So here is the problem- You buy them and bring them home, but how do you keep them looking that good?
It is possible.
The good news is Echeverias are very easy to care for.
There are some easy steps to follow.
You can do it because I have.
One of the keys to maintaining a beautiful Echeveria is providing plenty of bright, indirect light.
Since Echeveria can’t survive cold temperatures, they are primarily a houseplant.
The goal is to give it consistent bright light year-round.
South and west-facing windows tend to receive more light than those facing north or east.
Echeverias are not fond of cold temperatures, so during winter keep the plant away from a cold window as this can damage them.
Another option is to place them under a desk or table lamp that is on throughout the day.
There are also many styles of desk-style grow lights that can provide plenty of light, especially during winter.
I highly recommend exploring grow lights.
They are essential to successfully grow many types of houseplants.
It’s important that Echeverias get a minimum of 6 hours of bright light in winter and 8-12 hours in spring and summer.
This will keep the plant compact and the leaf color true.
My husband and I live in Ohio. There isn’t much sun on a consistent basis in the winter, so putting plants near windows isn’t the best option.
Therefore, I like to keep my Echeveria in my office as I know that I will be there most days, all day with the lights on.
In the summer, I move them to my patio table.
The patio only gets a few hours of direct sun, but even in the shade, the bright daylight keeps the plants looking great.
An Echeveria will let you know when it needs more light as the stem will elongate and the rosette will not be as compact.

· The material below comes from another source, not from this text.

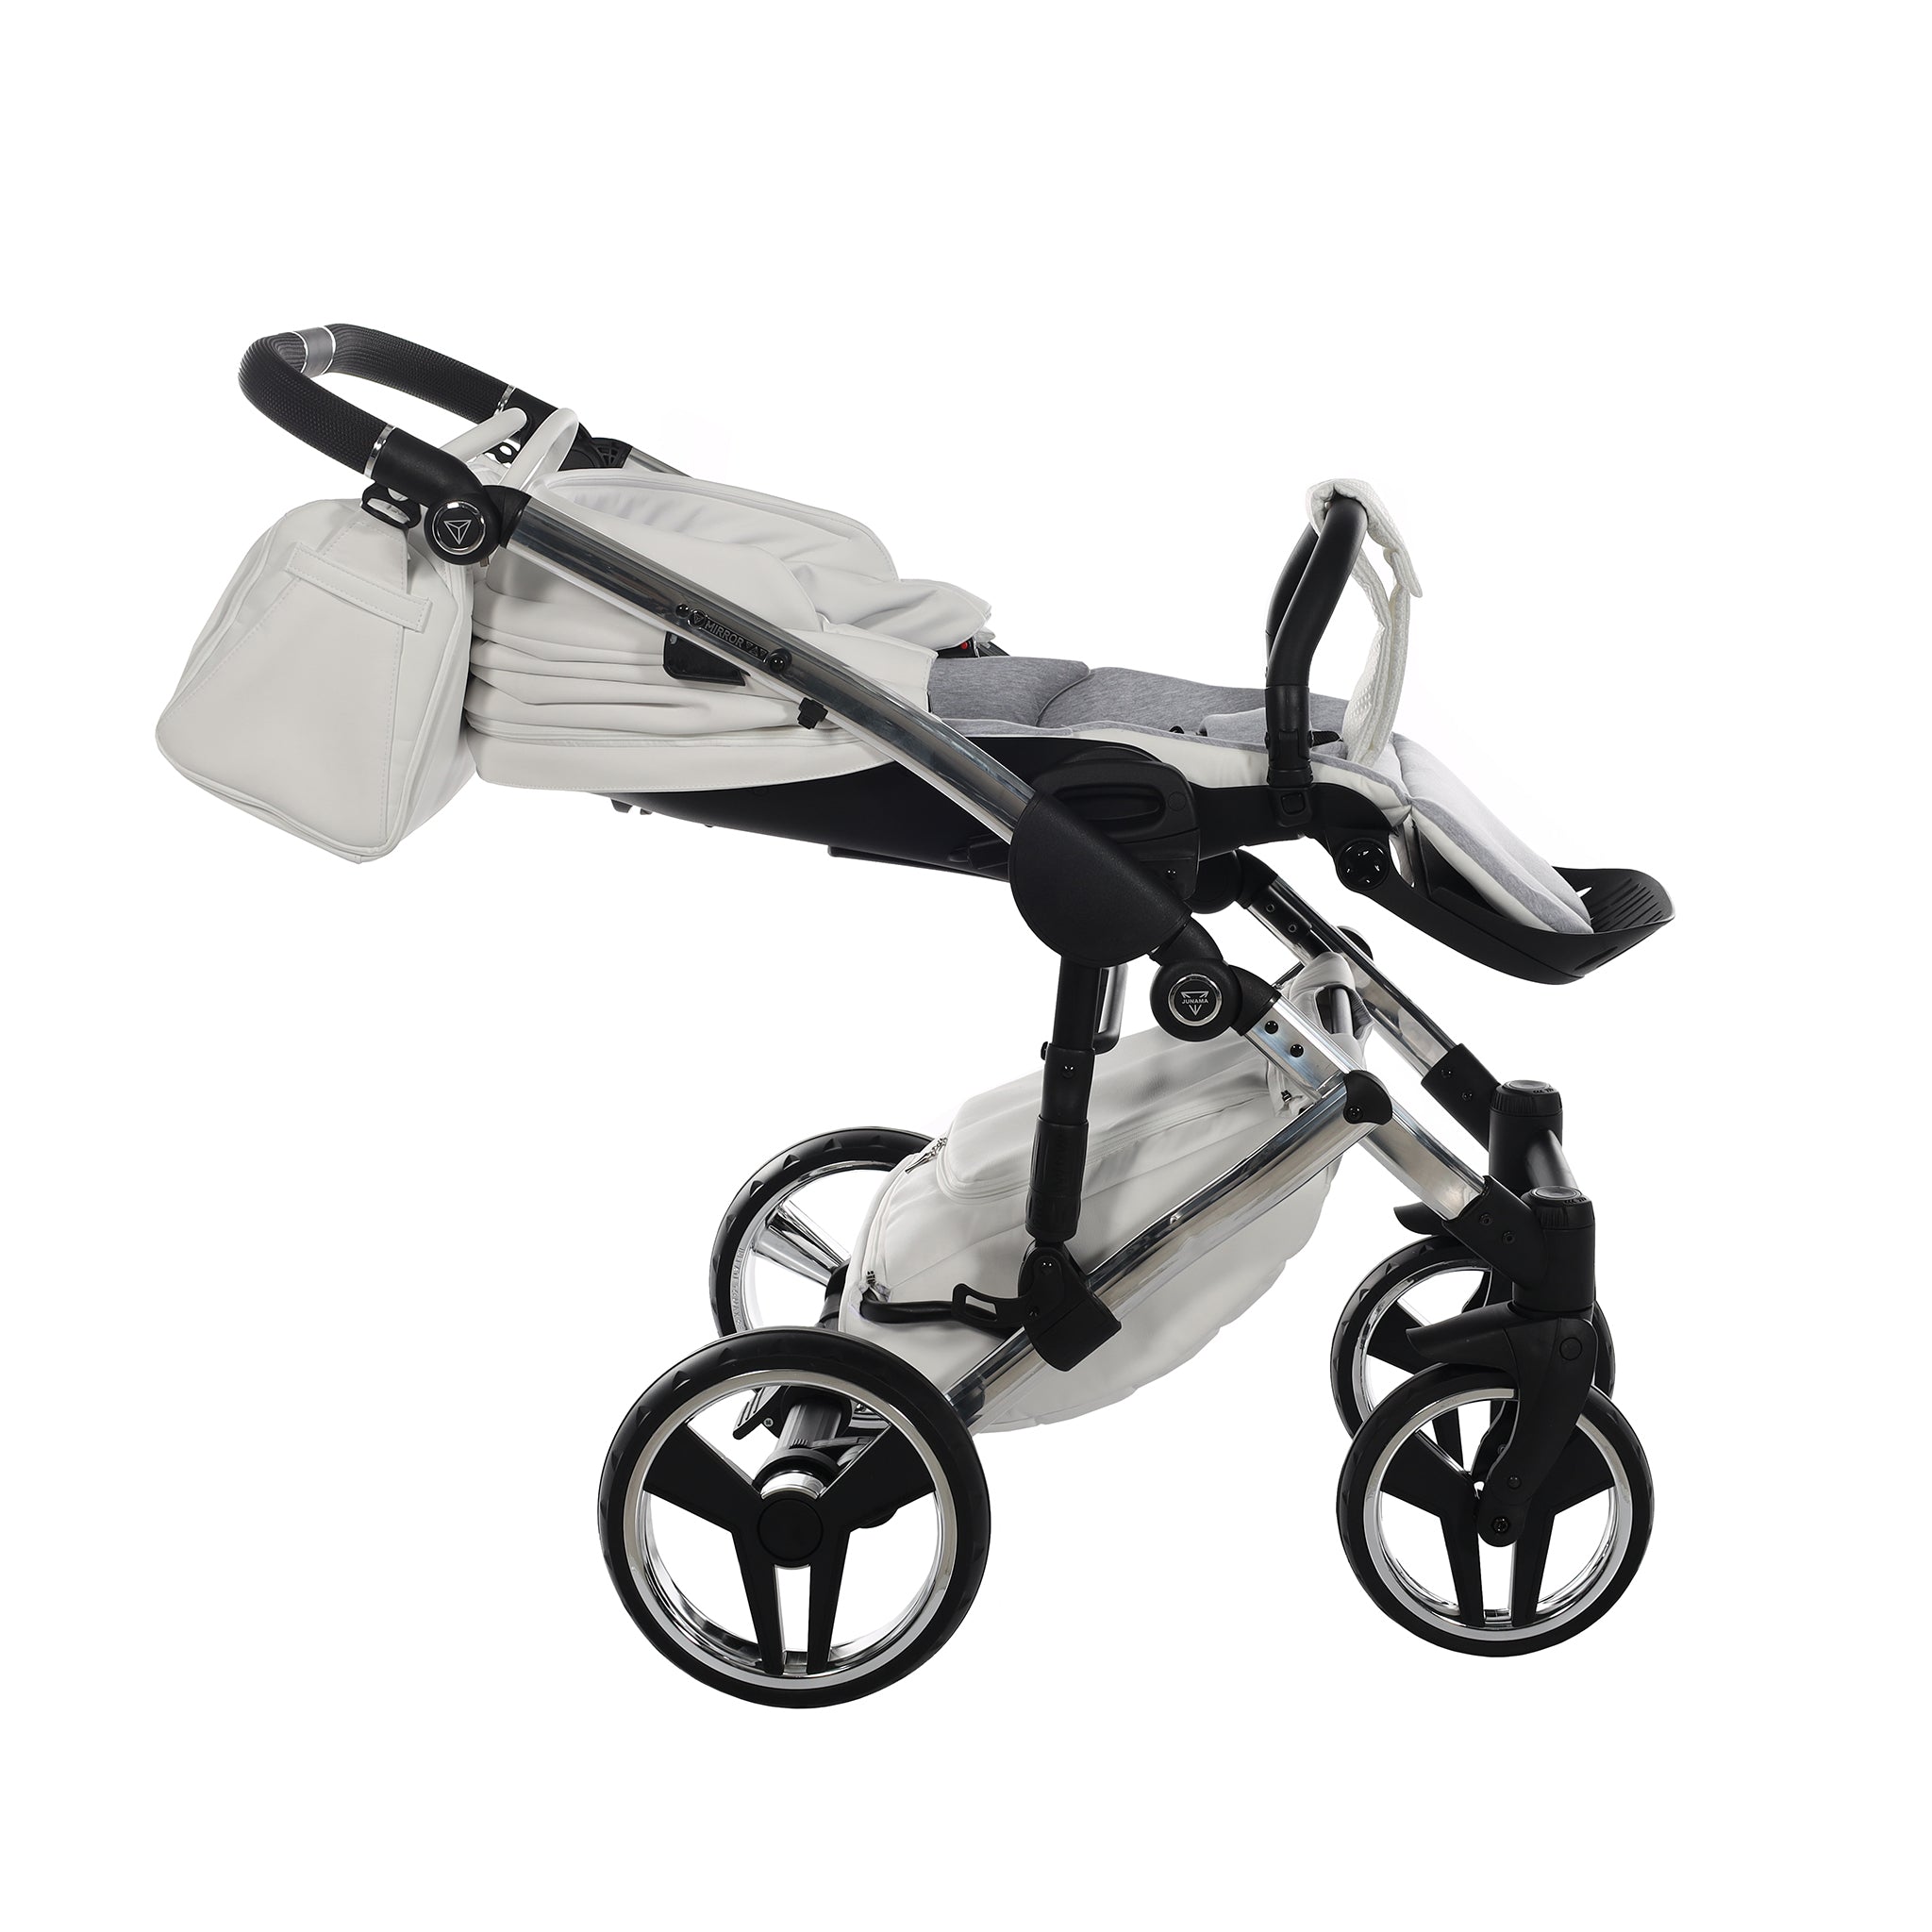 Junama Mirror, baby prams or stroller 2 in 1 - Silver chrome and Silver, Code number: JUNMIR04

This is called “stretching.”
Once you have found a suitable spot, rotate the plant weekly so that it receives light evenly on all sides and maintains a balanced, symmetrical shape.
Another vital component of Echeveria care is proper watering.

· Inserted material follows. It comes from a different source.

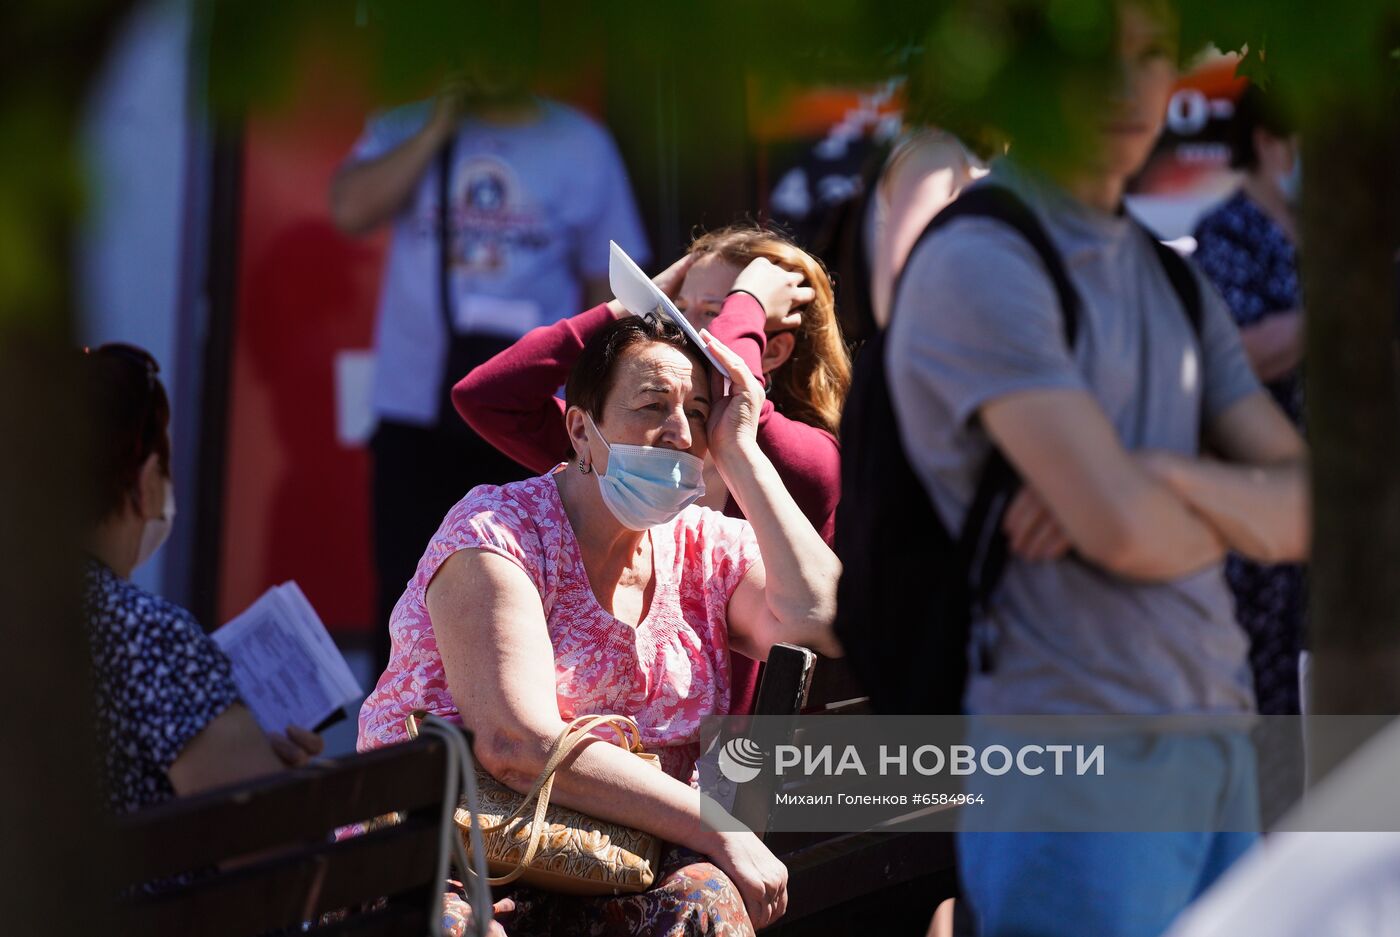 Очереди на вакцинацию против коронавируса в Калининграде

Overwatering is the number one reason most houseplants die.
And this is especially true for Echeverias.
The thick, fleshy leaves enable it to store water for long periods of time.
Therefore, it doesn’t need to be watered as often as a traditional houseplant.

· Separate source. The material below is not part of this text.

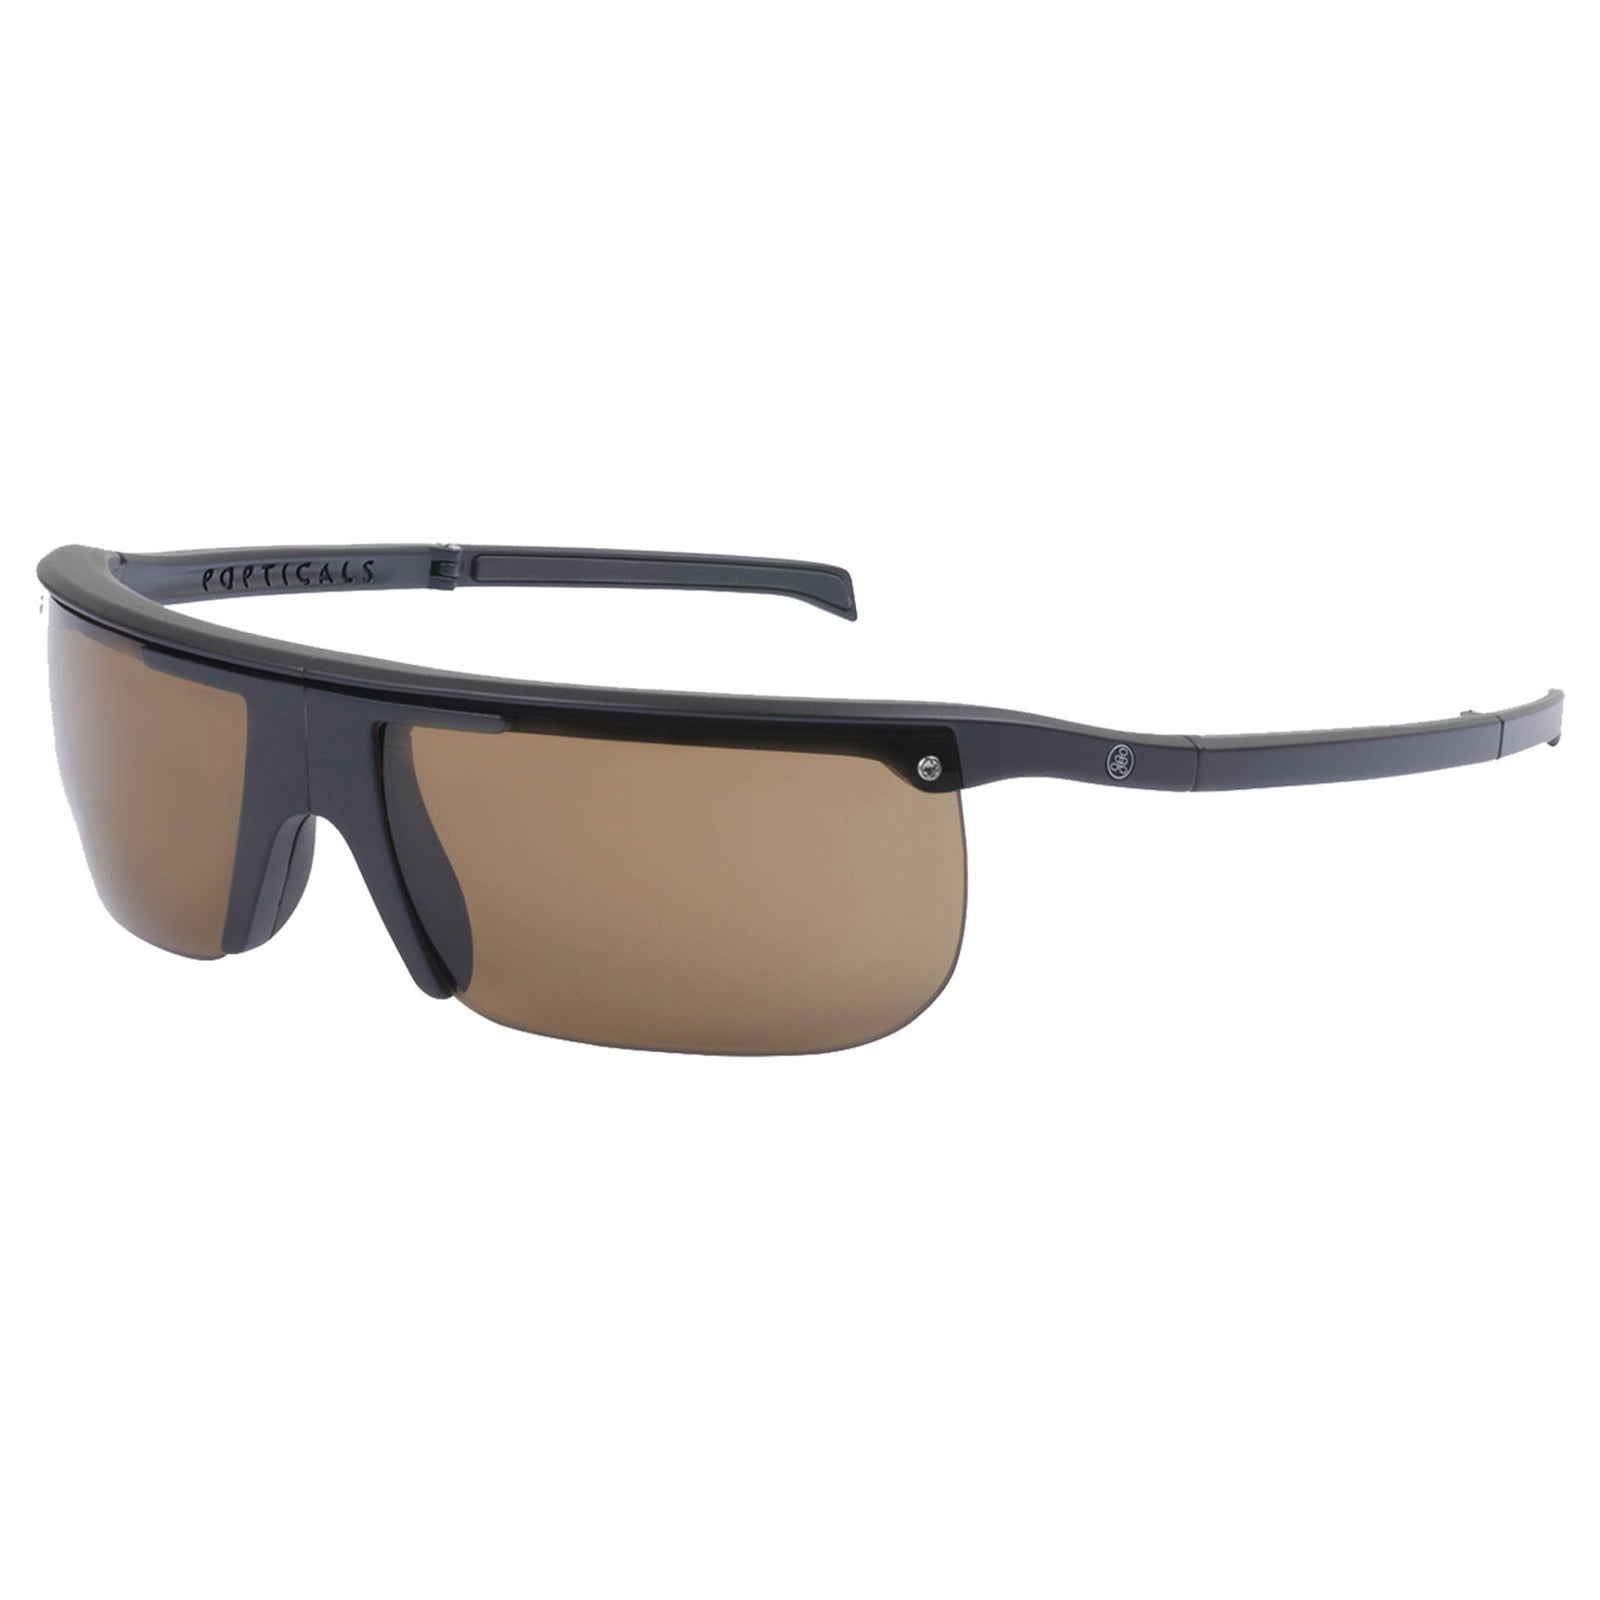 Popticals, Premium Compact Sunglasses, PopArt, 010030-BMNP, Polarized Sunglasses, Matte Black Frame, Brown Lenses, Glam View

This is great news if you tend to be extremely busy or slightly neglectful of plants- the Echeveria will actually thrive on it!
If you tend to hover over your plants and smother them with watering love, you will definitely have to restrain yourself.
The rule of thumb is that it is much better to underwater than overwater.
One of the best ways to determine when to water is to gauge the weight of the container after watering so that you can feel when it becomes significantly lighter.
The goal is to allow the soil to dry before watering, but not become hard and compacted.
Watering frequency is more of an art than science and depends on the humidity and other environmental factors of your home.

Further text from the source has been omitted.